I had a conversation yesterday on app.net that made me think a little bit more deeply about my Twitter usage, and what I’m always on the lookout for in new social networks. (Apologies to @mattgemmell & @fields for dragging them into this—but it’s good to have people write things that make you think, so thanks for that.)

I was an early adopter of Twitter—I opened a pseudonymous account in March 2007, when it was only a year old. I didn’t get it, at first. I used it infrequently—that account has just over 3,000 tweets, and it’s six years old. And I didn’t have any idea about how it would change the way I worked.

The first inkling that I had of just how disruptive Twitter would be came in the summer of 2009, when the Green Revolution started. I’ve always lived in a time where “breaking news” included video and photographs of graphic images of war, but for most of my life, those images and videos were shot by “dispassionate” (or at least, not directly involved) professional journalists.

It’s a little different to be following someone on Twitter who is posting hourly updates about where the police are marshaling their forces, or requests from families searching for loved ones who have mysteriously disappeared.
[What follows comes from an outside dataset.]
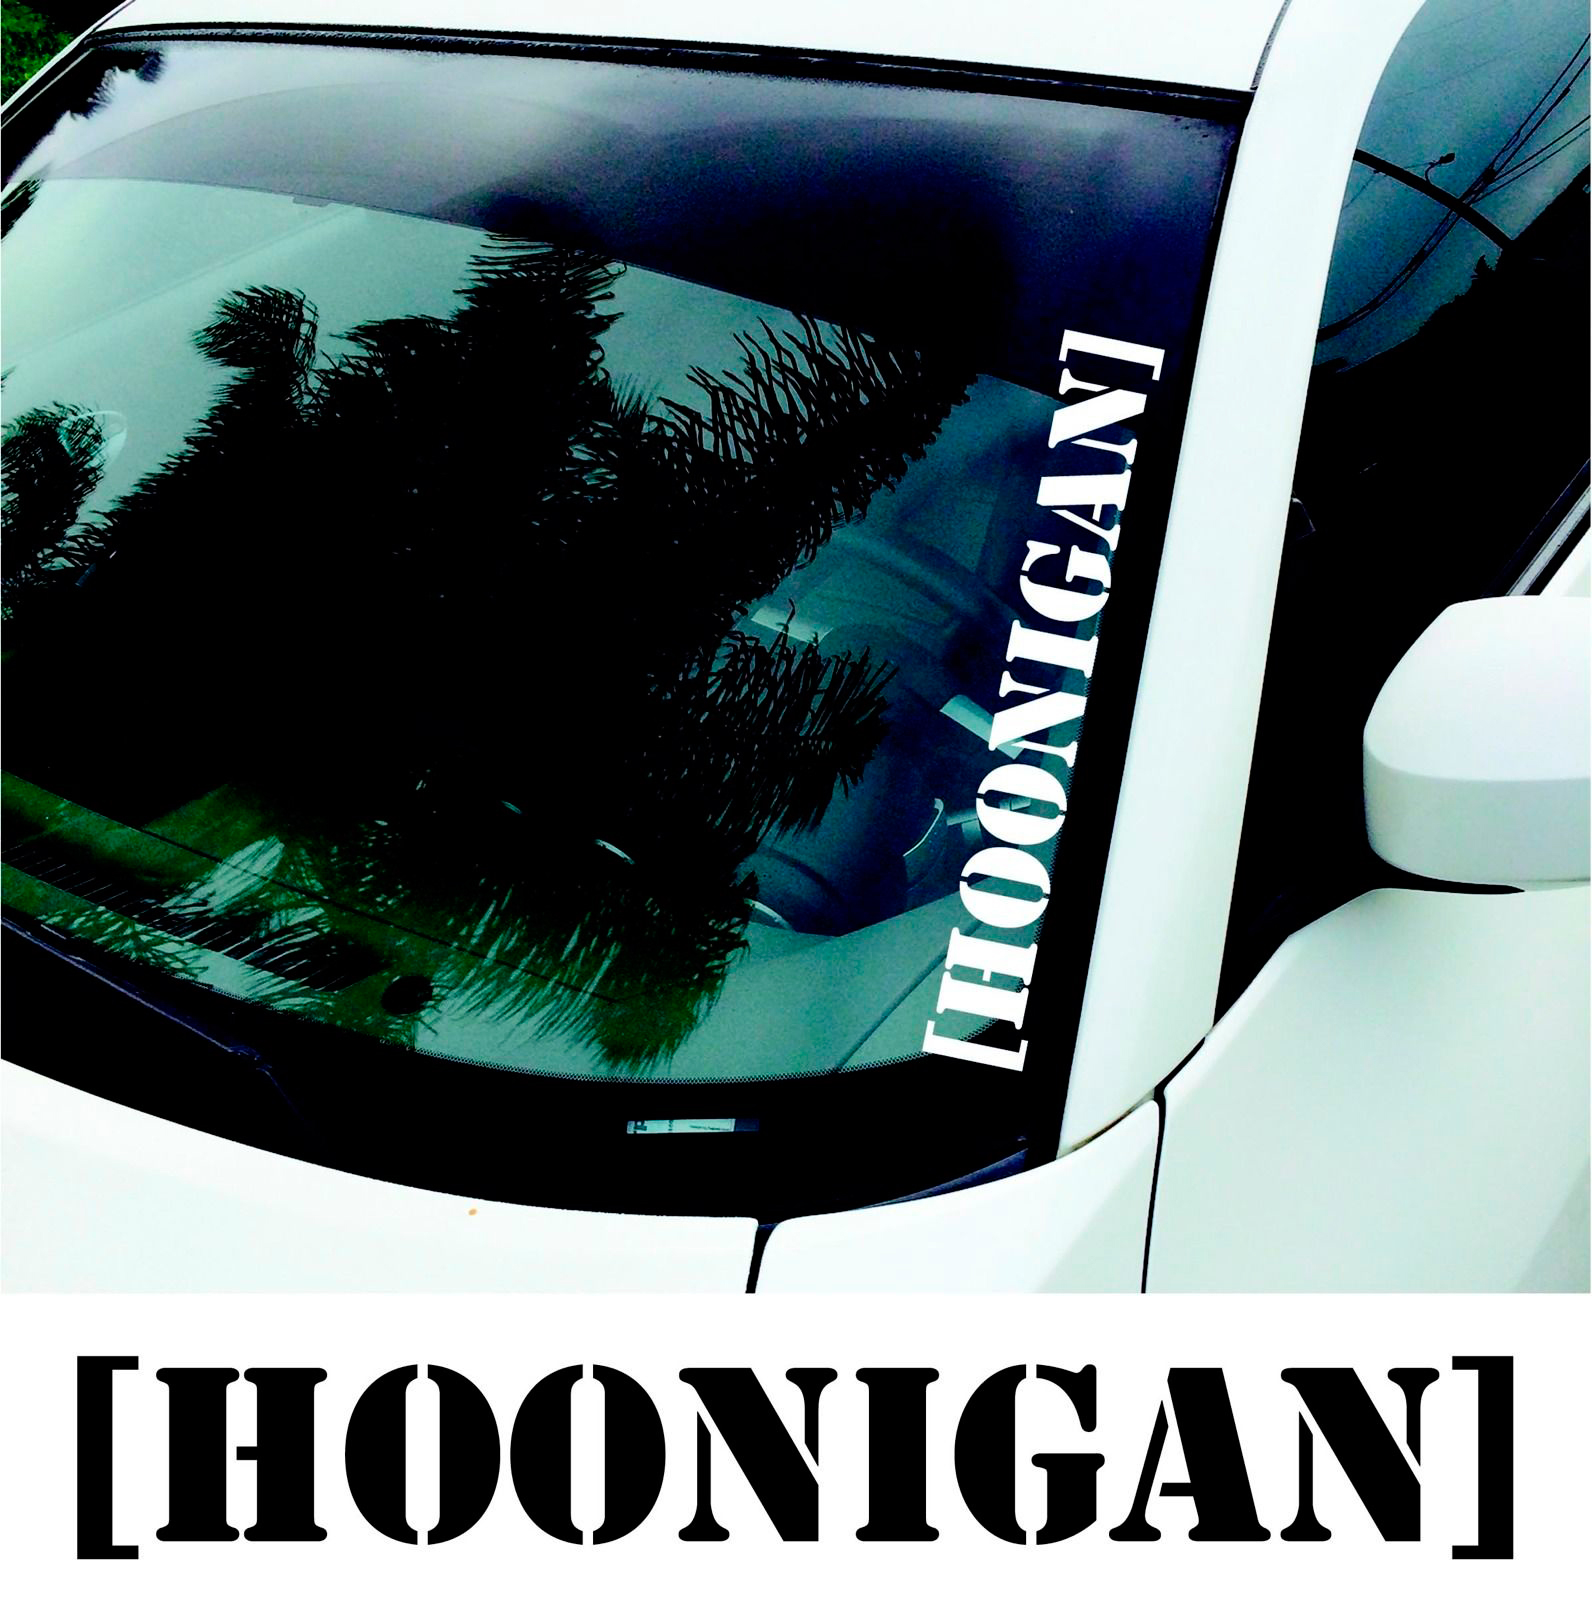 Hoonigan Car Sticker Racing JDM Driver Drift Euro Tuner Aggressive Vinyl Decal 
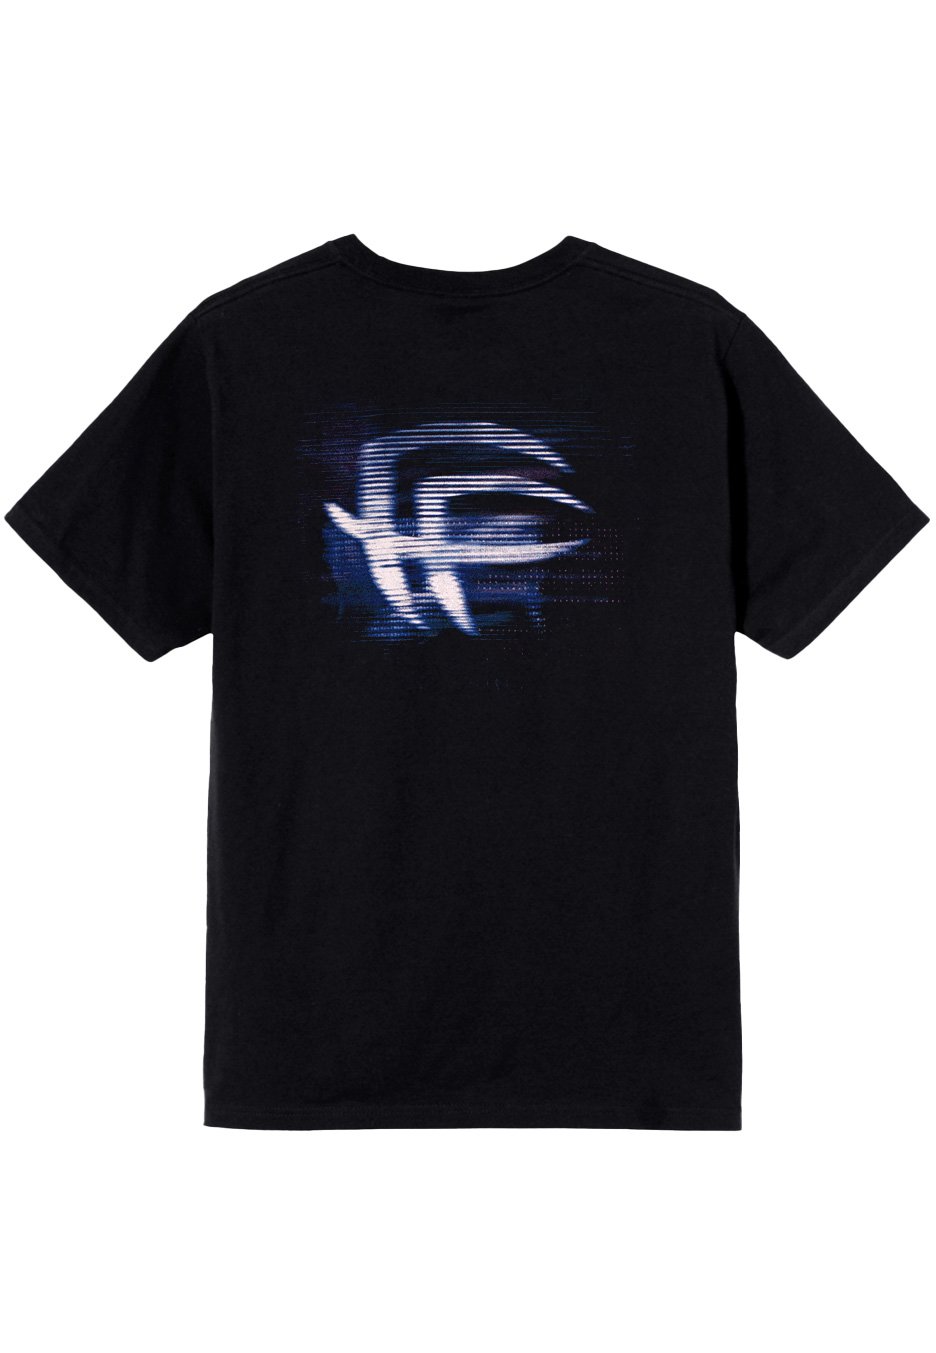 Fear Factory - Demanufacture - T-Shirt

The other big difference? No professional journalist ever broadcast directions to teach me to set up my computer as a proxy so that people in Tehran could look like they were tweeting from the U.S. The first time that I saw that—and saw that people were doing it—I understood that something very different was happening on this kind of social network. It became apparent to me that, for better or worse, technology was going to disrupt the ability of governments to control their citizenry—and would also lead to activists being able to find each other in ways that were previously unimaginable.

So I set up a Twitter account to use for work in September 2009, and I started following people who were engaged in Pennsylvania politics—activists, electeds, journalists and I started evangelizing about Twitter, because I wanted smart people to understand how they could use it to promote activism, to create new strategies, to engage new constituencies.

For what seemed like a year, the only people on Twitter I ever talked to were Mark Price and Brett Banditelli. The Pennsylvania Twitter-sphere was an empty space, full of virtual dust clouds and not much else. But early in 2010, the Bonusgate trials started, and since Twitter was still so new, the judge didn’t ban reporters from tweeting during the trial (oh, the salad days!). The journalists’ tweets from the trial were raw and full of detail that never made it into the official stories. I started following a bunch of new reporters—and I started to understand the difference between the kind of news that could capture a reporter’s attention for a minute, and the kind that made it into a story.

That understanding, that following, made me a hell of a lot better at my job—which, when you boil it down, is essentially making sure that the voices of ordinary workers are heard, whether that’s in the newspaper, at the ballot box, or in the halls of the legislature.

I have been a good organizer for a long time. Twitter helped me become a better one. I walk into legislators’ offices now, and staffers I’ve never met tell me they follow me on Twitter (which, btw, if you do it, always makes me think, immediately, “Did I tweet something snarky about your boss recently?”)

In 2011, it wasn’t a very good time to be a progressive—and certainly not a progressive union leader. But there were people occupying Madison, and even though I didn’t see them on the front page of the Philadelphia Inquirer, I knew they were there because they filled up my twitter timeline.

Later there were people occupying Zucotti Park —the first night of Occupy, people there crowd-sourced a generator on Twitter, so they could keep tweeting and posting photos. Imagine how different the world would be if their batteries had all died, and the cops scooped them up the first night? No Occupy Wall Street Journal, no People’s Mic, no Strike Debt, no changed conversation about the economic priorities of our country. For want of a generator, a shoe was lost?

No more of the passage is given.